From the line with "Suzuki Ichiro Seattle" to the line with "Новый год и", retype every line exactly, including those two, and leave out the rest of the data below.

-- ENTRIES SUPPLIED --
--- START ---
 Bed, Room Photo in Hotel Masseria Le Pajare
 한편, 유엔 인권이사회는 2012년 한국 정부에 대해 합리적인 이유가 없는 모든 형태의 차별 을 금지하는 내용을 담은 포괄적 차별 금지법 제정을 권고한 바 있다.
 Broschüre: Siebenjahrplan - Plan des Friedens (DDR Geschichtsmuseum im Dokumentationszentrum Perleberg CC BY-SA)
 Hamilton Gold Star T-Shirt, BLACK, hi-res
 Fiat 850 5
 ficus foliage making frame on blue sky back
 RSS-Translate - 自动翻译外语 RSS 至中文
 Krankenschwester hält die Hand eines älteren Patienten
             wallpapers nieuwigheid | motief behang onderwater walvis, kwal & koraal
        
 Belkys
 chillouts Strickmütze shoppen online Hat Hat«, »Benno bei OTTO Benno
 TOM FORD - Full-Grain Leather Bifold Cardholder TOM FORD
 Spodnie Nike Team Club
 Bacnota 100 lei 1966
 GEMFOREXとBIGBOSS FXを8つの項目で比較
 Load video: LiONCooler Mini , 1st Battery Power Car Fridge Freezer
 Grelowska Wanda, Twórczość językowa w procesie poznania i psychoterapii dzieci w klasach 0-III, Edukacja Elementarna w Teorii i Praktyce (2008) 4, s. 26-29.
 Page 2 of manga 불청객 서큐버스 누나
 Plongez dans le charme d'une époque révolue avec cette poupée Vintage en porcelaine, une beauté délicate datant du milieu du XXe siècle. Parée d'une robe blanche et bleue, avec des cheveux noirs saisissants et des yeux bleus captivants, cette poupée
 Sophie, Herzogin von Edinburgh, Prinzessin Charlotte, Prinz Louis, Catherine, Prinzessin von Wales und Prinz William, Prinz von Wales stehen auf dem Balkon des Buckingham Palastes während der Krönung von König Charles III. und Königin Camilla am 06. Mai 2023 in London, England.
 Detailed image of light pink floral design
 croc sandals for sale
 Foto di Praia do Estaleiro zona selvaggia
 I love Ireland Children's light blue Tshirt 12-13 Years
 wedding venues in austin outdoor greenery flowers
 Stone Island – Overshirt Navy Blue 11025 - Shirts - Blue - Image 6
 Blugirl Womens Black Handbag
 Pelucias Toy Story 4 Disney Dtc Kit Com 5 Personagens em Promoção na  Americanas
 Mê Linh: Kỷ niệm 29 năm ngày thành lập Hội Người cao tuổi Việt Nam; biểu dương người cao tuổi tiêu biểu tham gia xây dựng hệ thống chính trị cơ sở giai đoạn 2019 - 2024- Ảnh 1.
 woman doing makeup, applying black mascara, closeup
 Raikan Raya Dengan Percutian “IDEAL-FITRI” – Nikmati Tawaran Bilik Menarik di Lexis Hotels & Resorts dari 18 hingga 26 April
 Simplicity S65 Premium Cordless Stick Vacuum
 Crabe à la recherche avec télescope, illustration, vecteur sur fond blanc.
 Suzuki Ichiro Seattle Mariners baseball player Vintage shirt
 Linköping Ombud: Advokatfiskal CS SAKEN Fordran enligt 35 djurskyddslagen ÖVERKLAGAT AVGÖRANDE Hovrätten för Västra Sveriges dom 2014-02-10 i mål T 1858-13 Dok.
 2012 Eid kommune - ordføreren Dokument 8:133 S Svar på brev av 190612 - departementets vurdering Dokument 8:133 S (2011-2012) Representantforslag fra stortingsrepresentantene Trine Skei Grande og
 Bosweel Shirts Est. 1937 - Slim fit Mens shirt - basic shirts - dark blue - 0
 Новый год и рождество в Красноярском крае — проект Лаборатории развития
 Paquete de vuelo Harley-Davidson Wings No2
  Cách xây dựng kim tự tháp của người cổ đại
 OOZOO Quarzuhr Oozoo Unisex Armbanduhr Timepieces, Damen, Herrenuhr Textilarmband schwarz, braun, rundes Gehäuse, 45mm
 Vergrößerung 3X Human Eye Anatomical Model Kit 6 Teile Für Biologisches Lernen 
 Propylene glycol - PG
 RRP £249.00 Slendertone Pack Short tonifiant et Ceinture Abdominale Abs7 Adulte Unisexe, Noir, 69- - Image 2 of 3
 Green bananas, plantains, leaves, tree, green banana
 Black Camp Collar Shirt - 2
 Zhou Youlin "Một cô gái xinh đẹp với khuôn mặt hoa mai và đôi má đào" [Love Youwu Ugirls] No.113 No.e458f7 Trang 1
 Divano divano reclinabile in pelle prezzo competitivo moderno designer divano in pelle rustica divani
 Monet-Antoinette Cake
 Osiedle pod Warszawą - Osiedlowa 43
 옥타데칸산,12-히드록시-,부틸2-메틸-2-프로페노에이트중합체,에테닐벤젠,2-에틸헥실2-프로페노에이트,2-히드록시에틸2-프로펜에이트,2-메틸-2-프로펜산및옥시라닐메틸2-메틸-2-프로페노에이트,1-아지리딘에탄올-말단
--- END ---
-- RESULT OF THIS EXERCISE --
 Suzuki Ichiro Seattle Mariners baseball player Vintage shirt
 Linköping Ombud: Advokatfiskal CS SAKEN Fordran enligt 35 djurskyddslagen ÖVERKLAGAT AVGÖRANDE Hovrätten för Västra Sveriges dom 2014-02-10 i mål T 1858-13 Dok.
 2012 Eid kommune - ordføreren Dokument 8:133 S Svar på brev av 190612 - departementets vurdering Dokument 8:133 S (2011-2012) Representantforslag fra stortingsrepresentantene Trine Skei Grande og
 Bosweel Shirts Est. 1937 - Slim fit Mens shirt - basic shirts - dark blue - 0
 Новый год и рождество в Красноярском крае — проект Лаборатории развития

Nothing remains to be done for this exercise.